Only these lines, please: the first one of the records through the one containing "Davis Island Garden", retyped exactly, both ends included and pictures omitted.
----
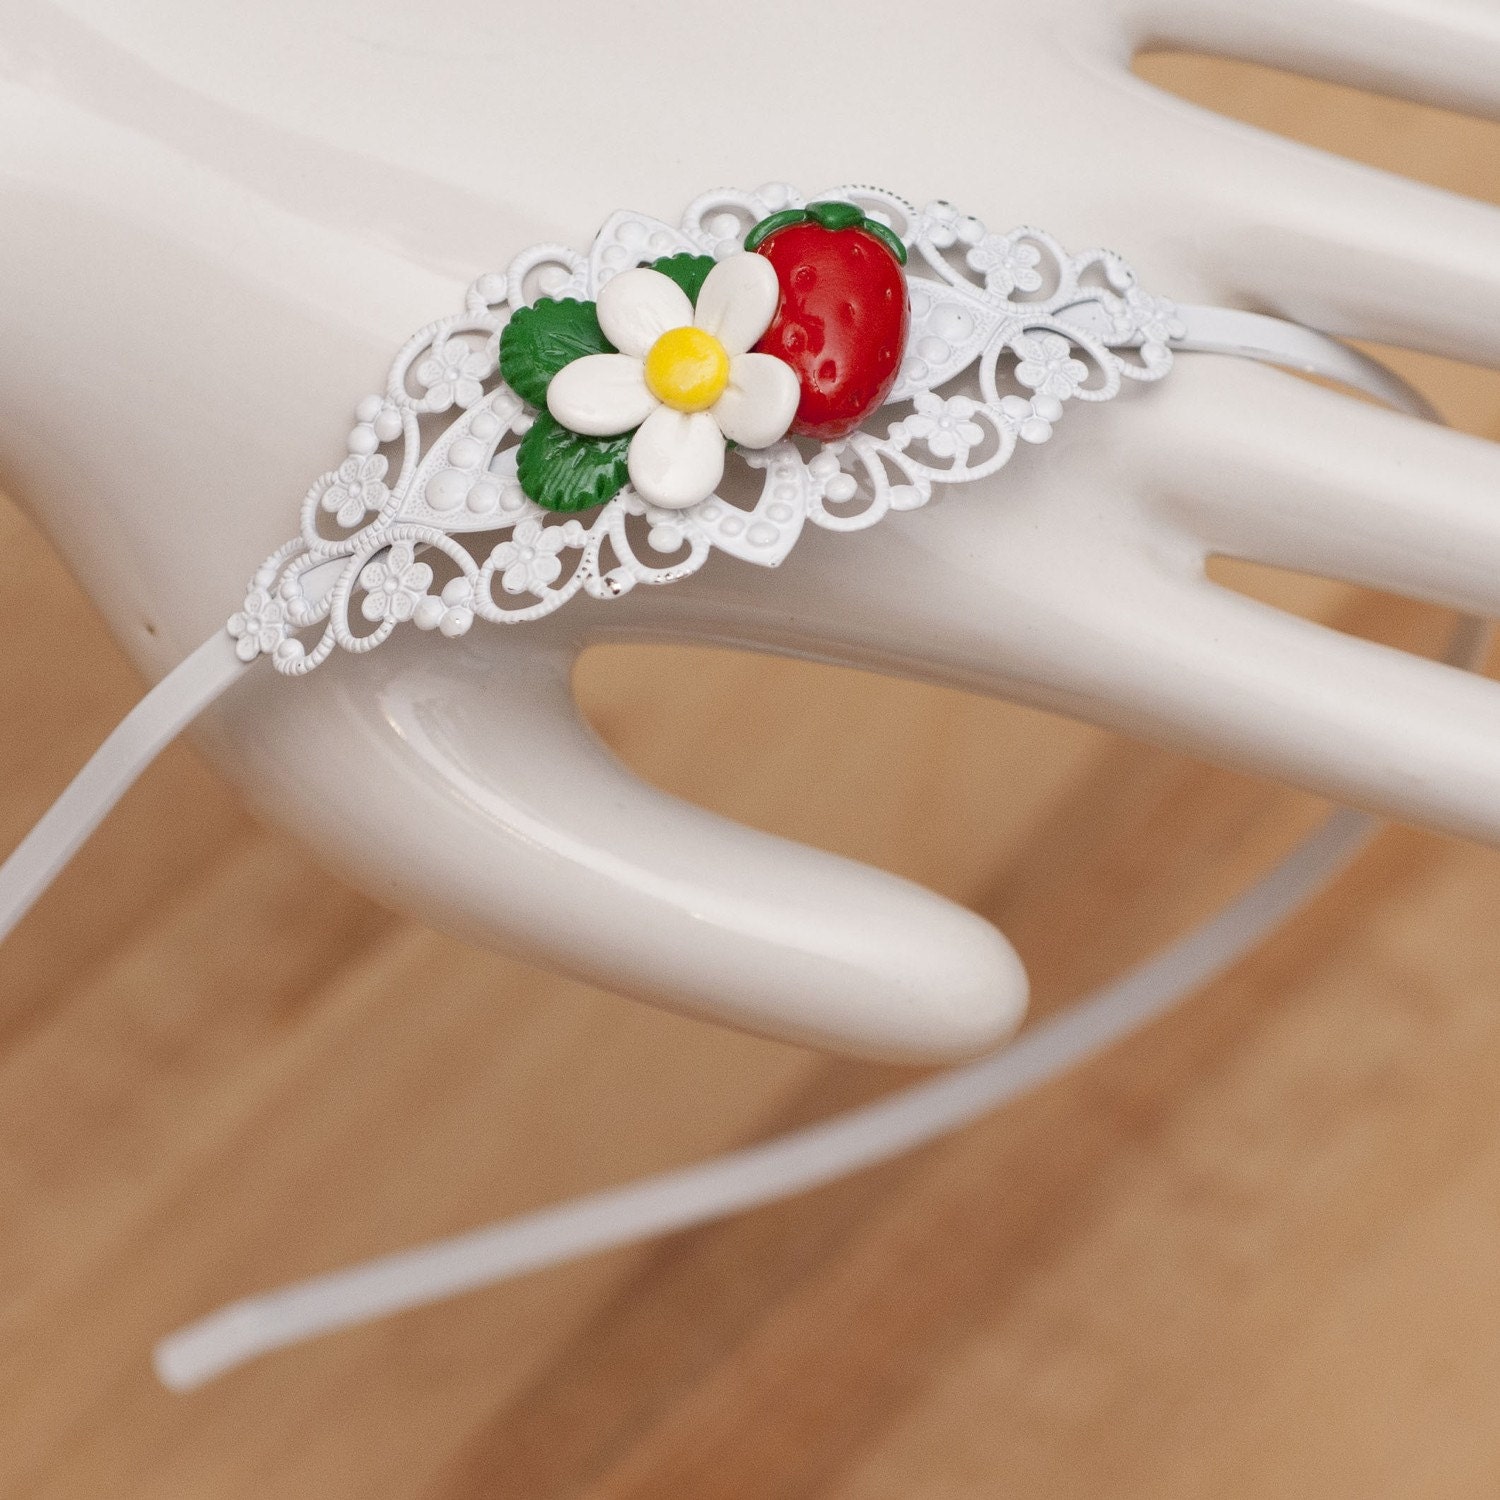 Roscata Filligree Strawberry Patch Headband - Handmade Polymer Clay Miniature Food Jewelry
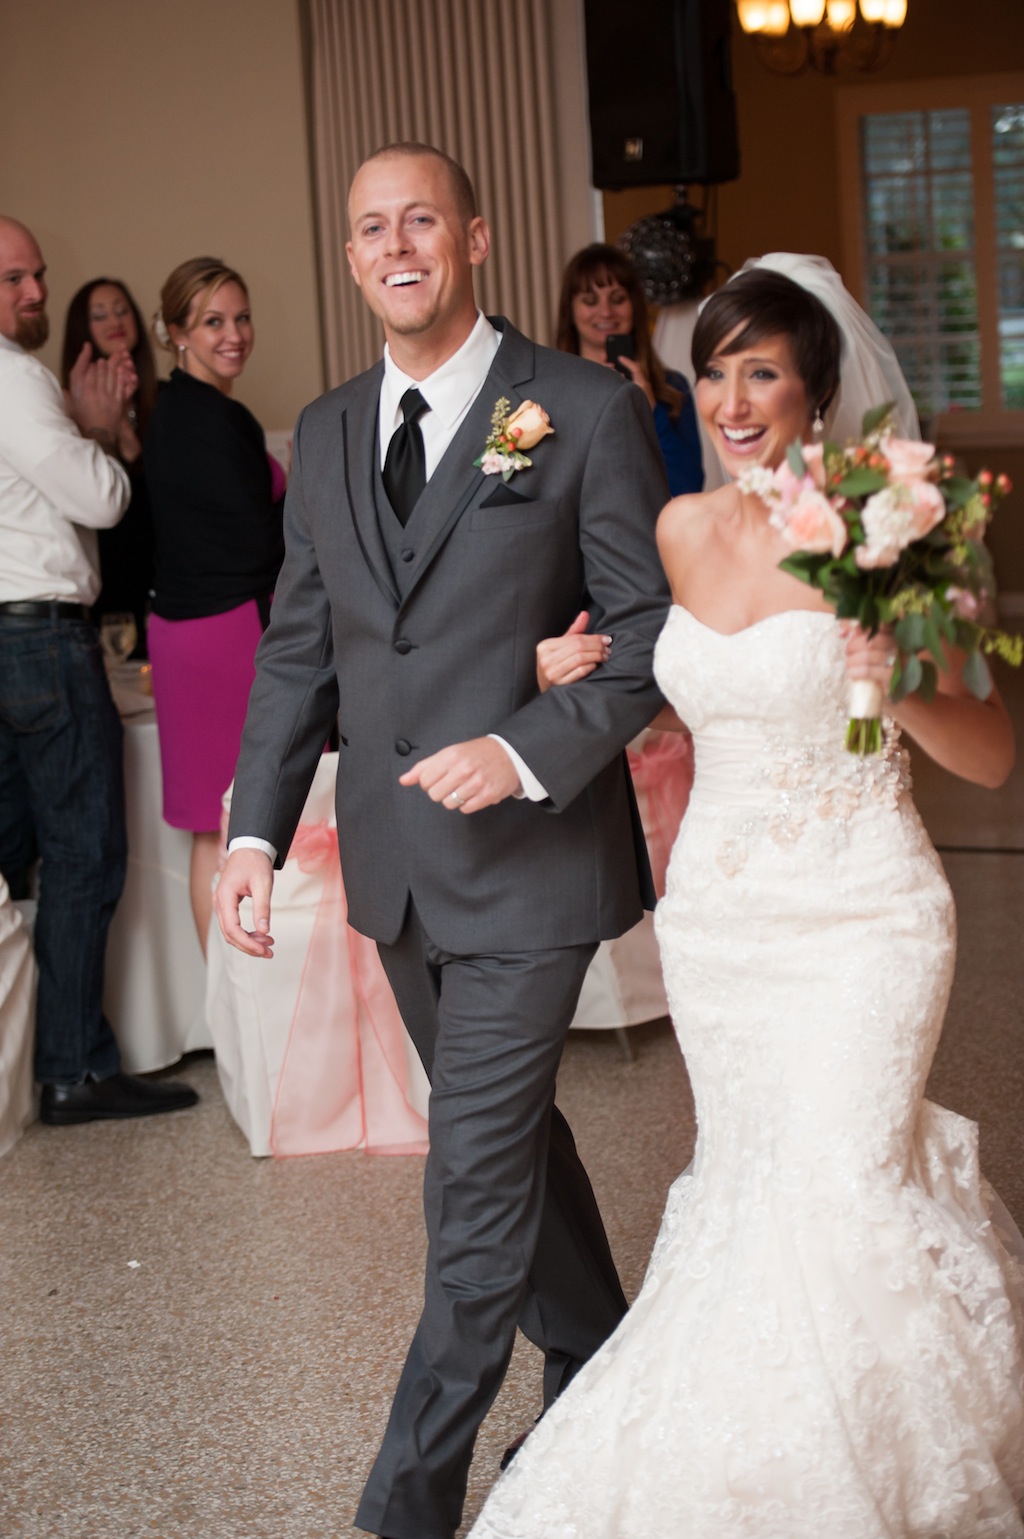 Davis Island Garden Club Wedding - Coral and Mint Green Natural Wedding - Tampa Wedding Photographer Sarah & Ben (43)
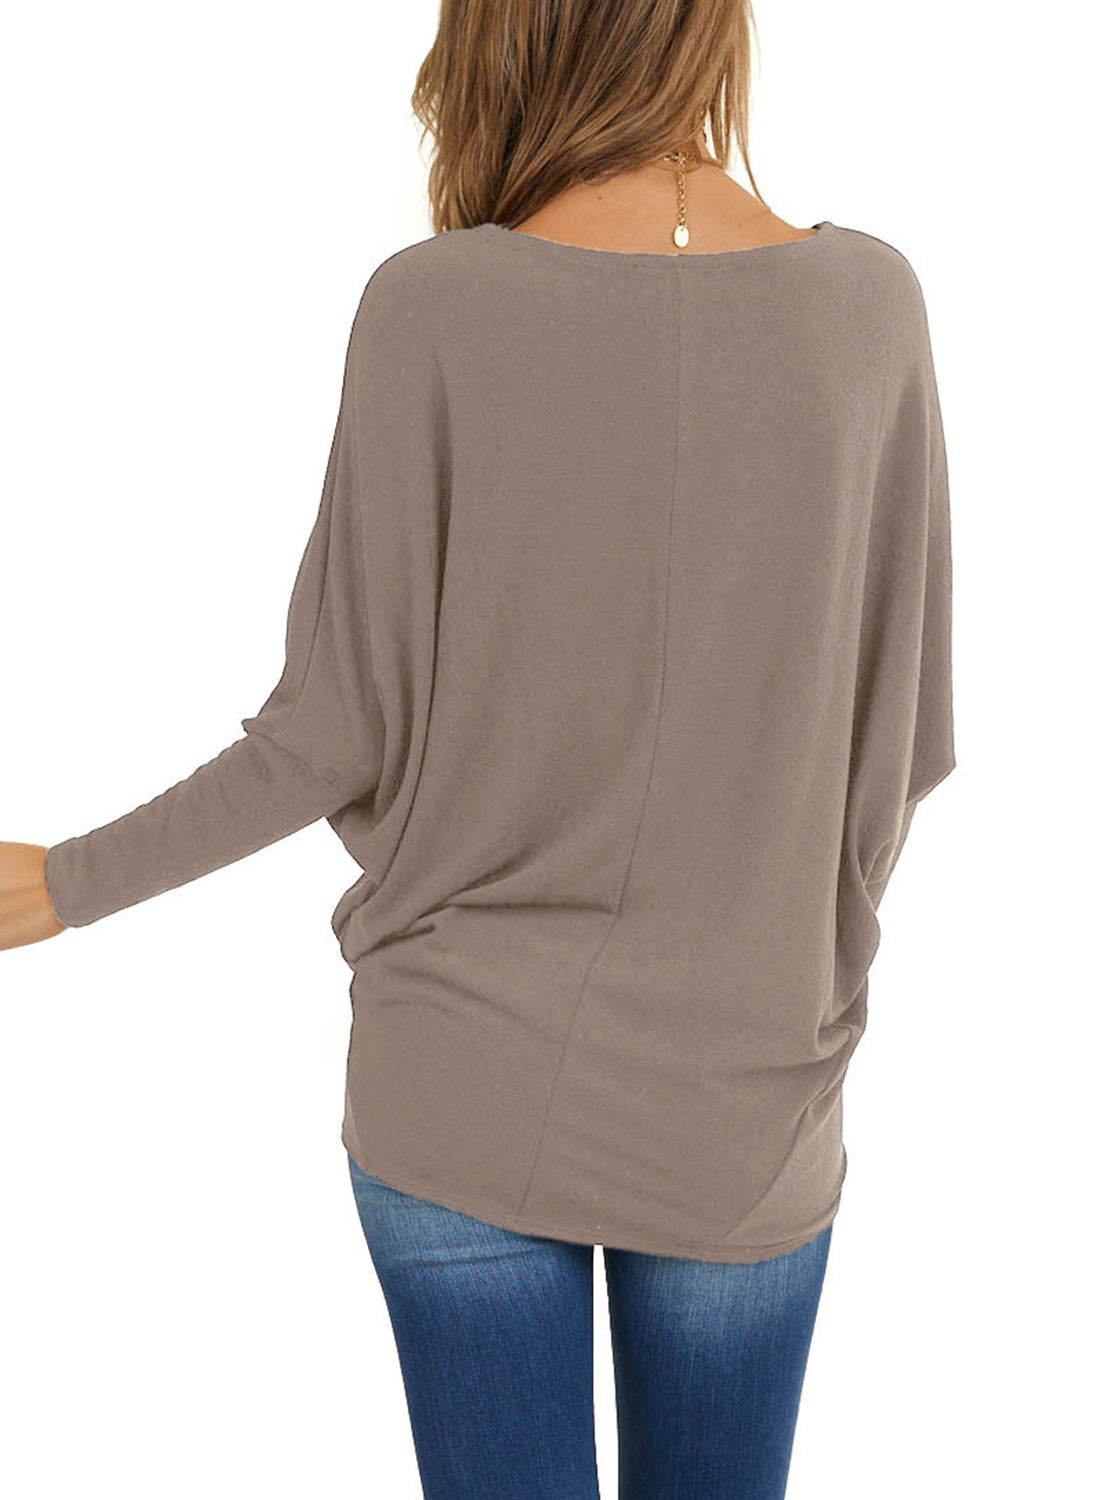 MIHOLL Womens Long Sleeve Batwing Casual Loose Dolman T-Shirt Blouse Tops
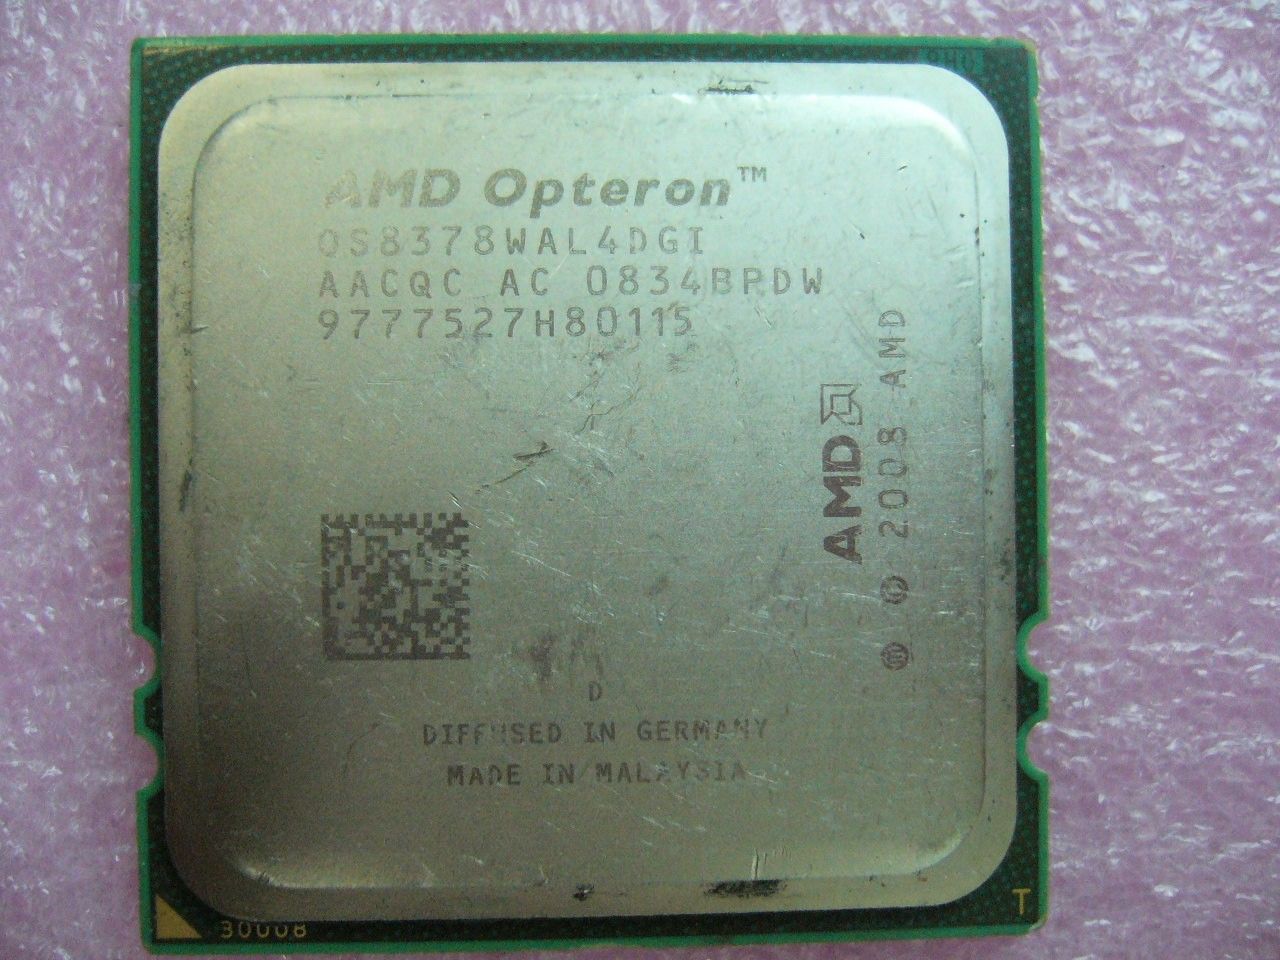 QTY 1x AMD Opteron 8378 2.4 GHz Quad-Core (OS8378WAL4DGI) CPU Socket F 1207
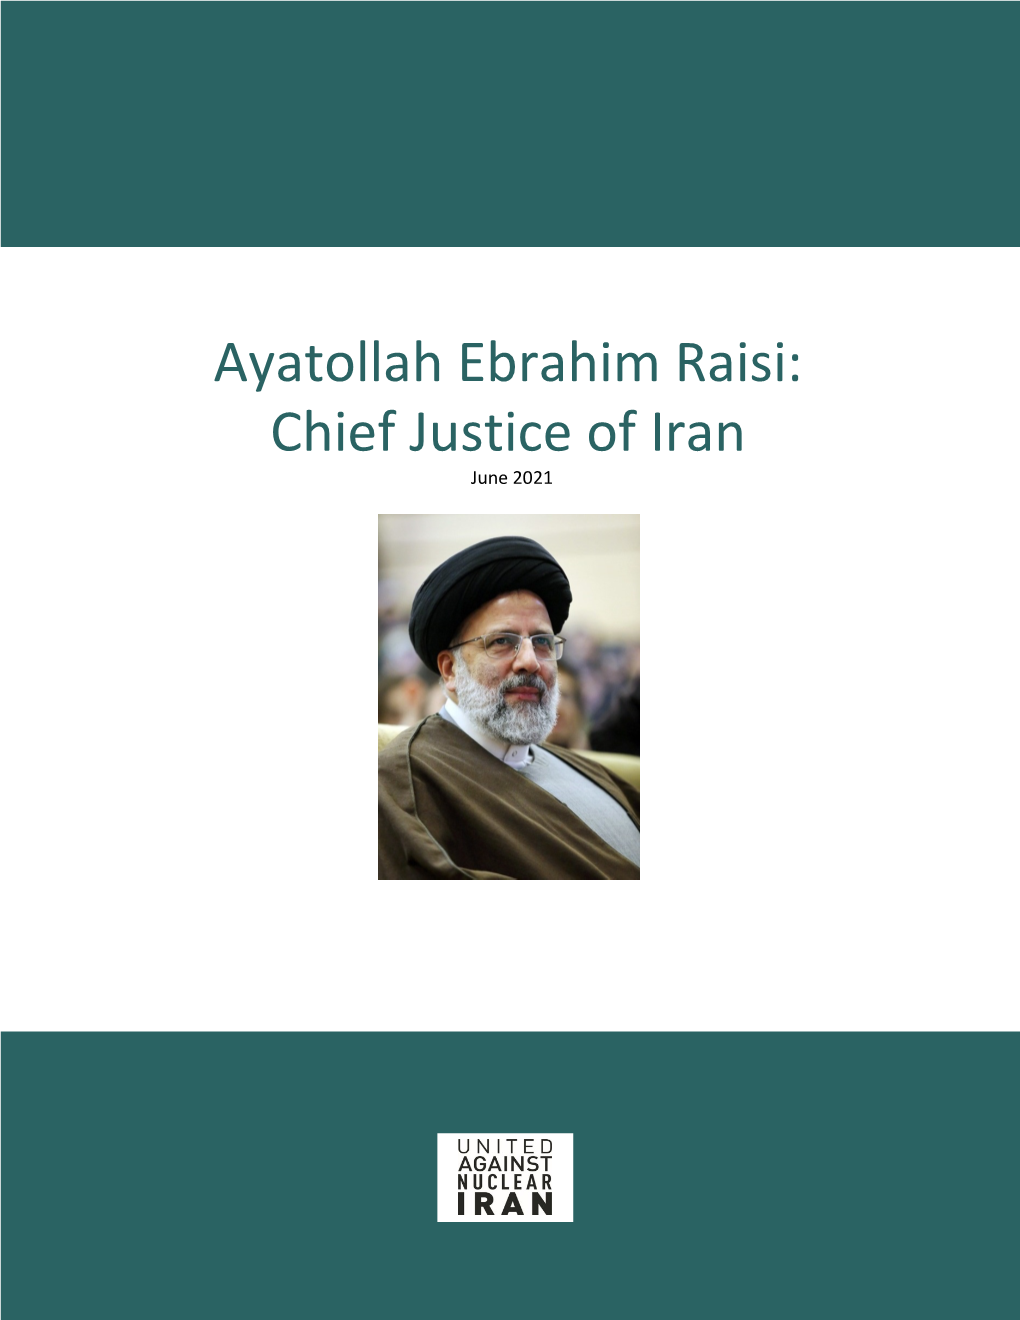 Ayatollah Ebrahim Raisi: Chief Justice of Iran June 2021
----
RESULT OF THE EXERCISE =>
 Roscata Filligree Strawberry Patch Headband - Handmade Polymer Clay Miniature Food Jewelry
 Davis Island Garden Club Wedding - Coral and Mint Green Natural Wedding - Tampa Wedding Photographer Sarah & Ben (43)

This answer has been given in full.